- [Aim of the exercise]:
In the material below, some lines carry "Janeiro". Copy each such line.
** Record set follows **
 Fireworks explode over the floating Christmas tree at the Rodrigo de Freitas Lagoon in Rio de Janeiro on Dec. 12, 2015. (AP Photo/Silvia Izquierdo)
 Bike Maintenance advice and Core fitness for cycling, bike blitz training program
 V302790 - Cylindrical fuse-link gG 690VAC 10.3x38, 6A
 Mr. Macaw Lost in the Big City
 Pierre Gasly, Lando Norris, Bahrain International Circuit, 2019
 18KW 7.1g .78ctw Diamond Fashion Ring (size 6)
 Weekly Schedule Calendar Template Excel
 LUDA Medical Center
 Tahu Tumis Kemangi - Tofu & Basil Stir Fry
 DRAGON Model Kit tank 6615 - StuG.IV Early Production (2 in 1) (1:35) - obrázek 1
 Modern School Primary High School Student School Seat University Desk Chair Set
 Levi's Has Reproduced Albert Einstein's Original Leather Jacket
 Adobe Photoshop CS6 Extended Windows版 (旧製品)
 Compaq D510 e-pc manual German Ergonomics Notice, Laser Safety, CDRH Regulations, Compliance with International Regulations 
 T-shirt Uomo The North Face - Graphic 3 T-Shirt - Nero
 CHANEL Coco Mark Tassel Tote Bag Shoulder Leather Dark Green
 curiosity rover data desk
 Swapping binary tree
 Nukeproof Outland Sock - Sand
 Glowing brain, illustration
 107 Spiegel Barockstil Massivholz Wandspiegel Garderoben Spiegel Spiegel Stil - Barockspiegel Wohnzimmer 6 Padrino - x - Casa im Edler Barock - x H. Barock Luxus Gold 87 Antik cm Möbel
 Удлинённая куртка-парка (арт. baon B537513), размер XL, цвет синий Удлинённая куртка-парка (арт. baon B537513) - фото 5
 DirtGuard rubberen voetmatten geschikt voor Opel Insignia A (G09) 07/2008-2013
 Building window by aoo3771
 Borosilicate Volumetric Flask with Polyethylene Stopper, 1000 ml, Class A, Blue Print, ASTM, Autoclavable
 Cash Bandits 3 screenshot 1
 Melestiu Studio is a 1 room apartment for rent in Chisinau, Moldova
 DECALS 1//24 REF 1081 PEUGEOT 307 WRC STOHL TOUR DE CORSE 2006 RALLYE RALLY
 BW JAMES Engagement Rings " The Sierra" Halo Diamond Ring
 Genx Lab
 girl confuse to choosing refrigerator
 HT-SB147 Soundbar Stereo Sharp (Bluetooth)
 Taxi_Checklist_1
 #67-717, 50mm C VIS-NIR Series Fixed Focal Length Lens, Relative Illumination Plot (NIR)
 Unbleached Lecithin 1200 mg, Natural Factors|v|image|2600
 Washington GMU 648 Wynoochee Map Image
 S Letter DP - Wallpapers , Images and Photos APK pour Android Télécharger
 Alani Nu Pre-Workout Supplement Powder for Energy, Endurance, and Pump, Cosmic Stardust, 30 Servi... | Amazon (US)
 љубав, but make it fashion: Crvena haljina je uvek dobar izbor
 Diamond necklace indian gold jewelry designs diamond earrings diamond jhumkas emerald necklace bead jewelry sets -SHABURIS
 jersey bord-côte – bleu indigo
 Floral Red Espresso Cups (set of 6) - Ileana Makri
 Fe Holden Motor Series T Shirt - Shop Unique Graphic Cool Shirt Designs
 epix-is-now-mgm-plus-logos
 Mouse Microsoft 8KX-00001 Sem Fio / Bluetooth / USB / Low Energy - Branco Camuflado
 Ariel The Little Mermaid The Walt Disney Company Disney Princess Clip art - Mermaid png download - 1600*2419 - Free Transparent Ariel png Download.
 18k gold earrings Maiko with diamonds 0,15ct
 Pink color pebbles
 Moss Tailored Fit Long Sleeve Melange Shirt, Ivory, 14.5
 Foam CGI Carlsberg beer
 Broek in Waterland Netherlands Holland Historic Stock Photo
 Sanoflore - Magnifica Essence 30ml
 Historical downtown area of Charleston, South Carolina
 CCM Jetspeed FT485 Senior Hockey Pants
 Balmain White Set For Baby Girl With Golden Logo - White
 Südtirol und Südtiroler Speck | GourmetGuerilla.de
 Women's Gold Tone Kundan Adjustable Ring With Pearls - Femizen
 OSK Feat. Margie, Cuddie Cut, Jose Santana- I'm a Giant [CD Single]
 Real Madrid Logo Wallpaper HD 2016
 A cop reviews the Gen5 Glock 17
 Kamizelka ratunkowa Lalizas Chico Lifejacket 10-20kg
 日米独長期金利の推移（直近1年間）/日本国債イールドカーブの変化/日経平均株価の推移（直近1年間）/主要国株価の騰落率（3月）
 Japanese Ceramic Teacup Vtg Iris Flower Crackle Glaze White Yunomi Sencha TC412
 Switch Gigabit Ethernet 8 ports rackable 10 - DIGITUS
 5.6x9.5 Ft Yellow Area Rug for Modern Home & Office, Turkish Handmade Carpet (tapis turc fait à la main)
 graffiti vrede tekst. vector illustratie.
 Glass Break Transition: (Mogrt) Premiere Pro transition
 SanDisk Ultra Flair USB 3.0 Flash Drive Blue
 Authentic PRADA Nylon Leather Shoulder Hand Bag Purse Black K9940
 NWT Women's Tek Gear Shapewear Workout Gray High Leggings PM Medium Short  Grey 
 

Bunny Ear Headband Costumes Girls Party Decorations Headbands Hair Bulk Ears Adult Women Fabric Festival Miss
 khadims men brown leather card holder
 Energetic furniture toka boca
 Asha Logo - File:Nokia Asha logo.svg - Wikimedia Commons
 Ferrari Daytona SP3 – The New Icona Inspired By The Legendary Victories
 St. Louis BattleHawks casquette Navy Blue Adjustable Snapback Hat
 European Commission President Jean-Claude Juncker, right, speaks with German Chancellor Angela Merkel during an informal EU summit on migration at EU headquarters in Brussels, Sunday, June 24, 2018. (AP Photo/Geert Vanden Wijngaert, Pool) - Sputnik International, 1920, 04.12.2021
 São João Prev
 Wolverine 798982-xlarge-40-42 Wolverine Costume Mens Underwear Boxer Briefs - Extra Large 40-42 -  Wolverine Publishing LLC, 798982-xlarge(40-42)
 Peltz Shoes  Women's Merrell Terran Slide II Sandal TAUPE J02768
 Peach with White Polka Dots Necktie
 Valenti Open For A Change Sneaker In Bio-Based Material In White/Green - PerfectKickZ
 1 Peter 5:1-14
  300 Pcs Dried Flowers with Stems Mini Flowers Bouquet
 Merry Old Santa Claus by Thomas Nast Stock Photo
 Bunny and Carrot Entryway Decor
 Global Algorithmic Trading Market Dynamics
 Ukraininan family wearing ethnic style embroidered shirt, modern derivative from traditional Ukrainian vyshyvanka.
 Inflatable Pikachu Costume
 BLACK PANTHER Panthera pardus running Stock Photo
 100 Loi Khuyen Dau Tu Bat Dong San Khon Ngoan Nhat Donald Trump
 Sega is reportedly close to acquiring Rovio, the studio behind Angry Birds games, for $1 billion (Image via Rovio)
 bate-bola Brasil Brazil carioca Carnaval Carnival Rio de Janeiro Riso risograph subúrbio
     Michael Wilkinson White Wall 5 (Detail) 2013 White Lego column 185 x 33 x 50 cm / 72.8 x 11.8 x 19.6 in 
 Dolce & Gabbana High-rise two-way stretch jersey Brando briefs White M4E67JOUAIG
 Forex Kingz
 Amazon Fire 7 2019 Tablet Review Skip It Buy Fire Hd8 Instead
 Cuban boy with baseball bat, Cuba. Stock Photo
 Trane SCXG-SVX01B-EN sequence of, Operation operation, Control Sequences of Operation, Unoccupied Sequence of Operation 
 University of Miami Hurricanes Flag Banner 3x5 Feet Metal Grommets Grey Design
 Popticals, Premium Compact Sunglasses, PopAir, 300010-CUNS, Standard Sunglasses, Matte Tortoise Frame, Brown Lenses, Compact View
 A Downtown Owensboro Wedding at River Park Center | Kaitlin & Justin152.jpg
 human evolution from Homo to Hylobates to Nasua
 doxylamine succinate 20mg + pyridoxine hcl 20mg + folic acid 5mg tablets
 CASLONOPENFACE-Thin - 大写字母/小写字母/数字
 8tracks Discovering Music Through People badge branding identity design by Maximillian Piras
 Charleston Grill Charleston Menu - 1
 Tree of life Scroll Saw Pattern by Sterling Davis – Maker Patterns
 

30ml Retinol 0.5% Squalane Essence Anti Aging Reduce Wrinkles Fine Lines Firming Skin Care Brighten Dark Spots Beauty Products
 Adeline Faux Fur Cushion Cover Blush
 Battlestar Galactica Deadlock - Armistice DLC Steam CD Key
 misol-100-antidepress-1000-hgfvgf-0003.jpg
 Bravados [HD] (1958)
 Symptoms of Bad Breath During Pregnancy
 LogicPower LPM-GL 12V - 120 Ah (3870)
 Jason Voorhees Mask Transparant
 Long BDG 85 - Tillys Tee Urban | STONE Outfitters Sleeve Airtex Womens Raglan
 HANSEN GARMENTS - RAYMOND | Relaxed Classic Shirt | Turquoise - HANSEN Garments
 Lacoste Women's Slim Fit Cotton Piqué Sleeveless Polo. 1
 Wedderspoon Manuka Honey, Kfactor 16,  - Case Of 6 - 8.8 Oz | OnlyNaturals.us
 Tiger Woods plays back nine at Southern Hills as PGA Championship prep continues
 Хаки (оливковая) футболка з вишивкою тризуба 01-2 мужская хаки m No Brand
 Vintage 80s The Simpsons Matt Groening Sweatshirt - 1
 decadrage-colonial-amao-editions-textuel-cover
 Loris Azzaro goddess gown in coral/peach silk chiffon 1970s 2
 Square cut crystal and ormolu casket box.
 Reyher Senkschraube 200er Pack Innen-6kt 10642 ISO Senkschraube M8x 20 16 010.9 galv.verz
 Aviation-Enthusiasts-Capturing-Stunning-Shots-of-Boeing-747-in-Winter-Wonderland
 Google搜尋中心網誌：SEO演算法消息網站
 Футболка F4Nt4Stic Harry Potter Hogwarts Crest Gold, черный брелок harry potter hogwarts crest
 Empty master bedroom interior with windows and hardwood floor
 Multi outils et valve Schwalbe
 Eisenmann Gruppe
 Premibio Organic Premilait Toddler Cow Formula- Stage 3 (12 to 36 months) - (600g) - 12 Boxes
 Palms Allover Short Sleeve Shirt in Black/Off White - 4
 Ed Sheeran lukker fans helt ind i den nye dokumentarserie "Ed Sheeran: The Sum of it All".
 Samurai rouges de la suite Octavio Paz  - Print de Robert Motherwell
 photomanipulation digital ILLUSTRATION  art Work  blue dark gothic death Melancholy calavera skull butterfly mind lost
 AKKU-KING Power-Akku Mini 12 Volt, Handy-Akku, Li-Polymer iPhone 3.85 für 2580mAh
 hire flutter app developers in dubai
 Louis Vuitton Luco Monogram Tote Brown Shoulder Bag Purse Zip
** End of Record set **
- [Output for this exercise]:
 Fireworks explode over the floating Christmas tree at the Rodrigo de Freitas Lagoon in Rio de Janeiro on Dec. 12, 2015. (AP Photo/Silvia Izquierdo)
 bate-bola Brasil Brazil carioca Carnaval Carnival Rio de Janeiro Riso risograph subúrbio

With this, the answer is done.